13 de julho de 2017

A SENTINELA DORMIA

O país tem estado traumatizado com a violência sentida pelos incêndios que deflagraram no dia 17 de junho, principalmente o grande incêndio, no distrito de Leiria, com início em Pedrógão Grande, que se estendeu a Castanheira de Pera e Figueiró dos Vinhos, chegando ainda aos distritos de Castelo Branco, através da Sertã, e de Coimbra, pela Pampilhosa da Serra. Em Góis, também no distrito de Coimbra, ainda atingiu Arganil.

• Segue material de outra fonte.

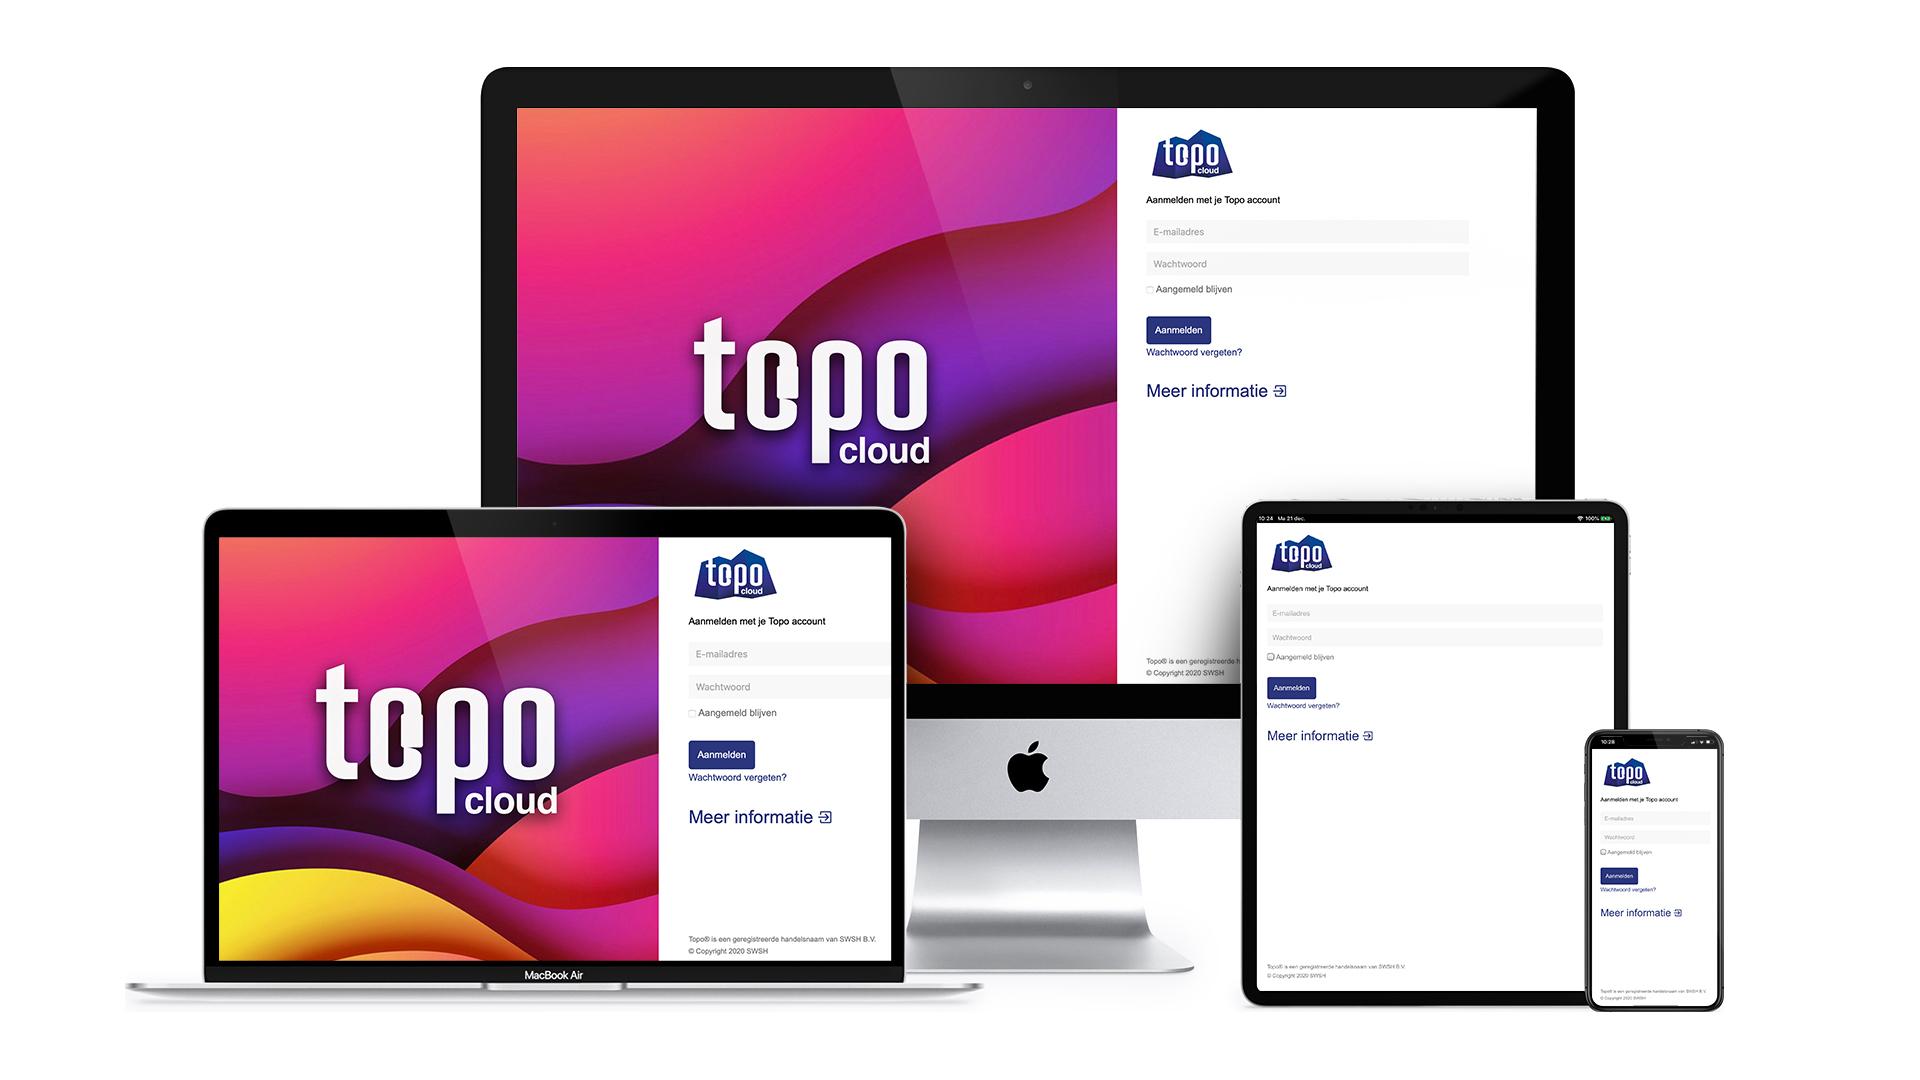 Topo devices

Não bastasse este funesto acontecimento; para além de já terem surgido outros anteriores, nomeadamente o do dia 5 do mesmo mês, num curto espaço de 15 dias, ocorrido num prédio da Urbanização Ponte Pedra, em Matosinhos; ainda haveria de surgir outro infeliz acontecimento, deixando em grande perplexidade a segurança do nosso país. Reporto-me obviamente ao grande furto de material de guerra verificado em Tancos.
O Exército anunciou então que no dia 28 de junho, no final do dia, detetou a violação dos perímetros de segurança dos Paióis Nacionais de Tancos e o arrombamento de dois “paiolins”, tendo desaparecido granadas de mão ofensivas e munições de calibre nove milímetros. Mais tarde viria a acrescentar que entre o material roubado estavam “granadas foguete anticarro”, granadas de gás lacrimogéneo e explosivos, não divulgando quantidades.

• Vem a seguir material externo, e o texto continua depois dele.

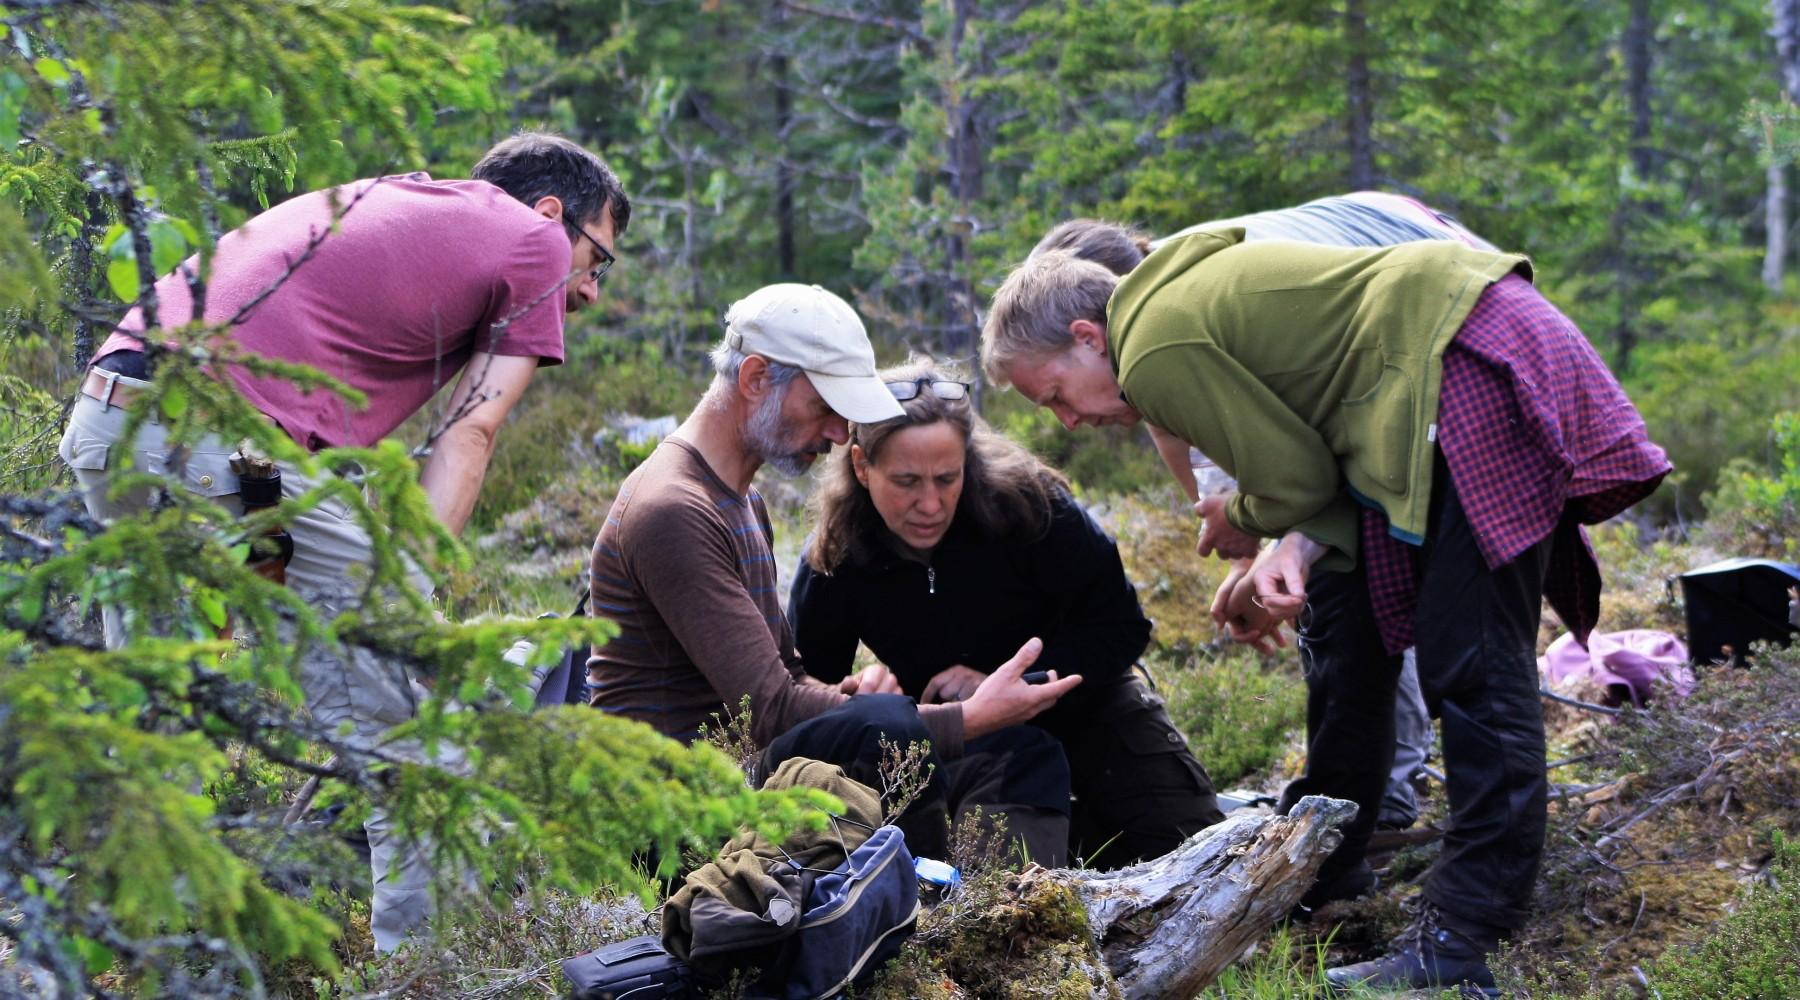 Naturkunde Exkursion: Braunbären

O chefe do Estado-Maior do Exército reconheceu que quem roubou material de guerra do quartel de Tancos tinha “conhecimento do conteúdo dos paióis” e admitiu a possibilidade de fuga de informação.
No Público do dia 2 de julho, referia-se em título de grandes parangonas: “Tancos esteve 20 horas sem ronda de vigilância na noite do assalto”.
Portugal que se encontra numa trajetória interessante de recuperação da economia, com fortes índices de confiança do povo português, o mesmo já não se pode dizer quanto à sua segurança.
Ainda recentemente escrevi um artigo a propósito do nosso país ter sido considerado um dos mais pacíficos do mundo segundo os dados da Global Peace Index 2017. Mas, afinal, quanto a segurança, em que nos ficamos? A resposta não pode ser senão esta: Preocupação! Muita preocupação!
Quem nos pode defender? Quer por atos da natureza, ou de mãos criminosas, quer por furtos em alta escala como estes! Os factos já indiciam como que um conluio com os criminosos, pois se fosse um roubo até parecia mal que as nossas tropas se deixassem levar com facilidade, o que eu não acredito. É que furto não é a mesma coisa que roubo.
Ao escrever este texto soltou-se do meu pensamento algo ocorrido comigo quando cumpria serviço militar obrigatório no Regimento de Artilharia Ligeira (RAL 4), em Leiria, isto no que concerne à segurança.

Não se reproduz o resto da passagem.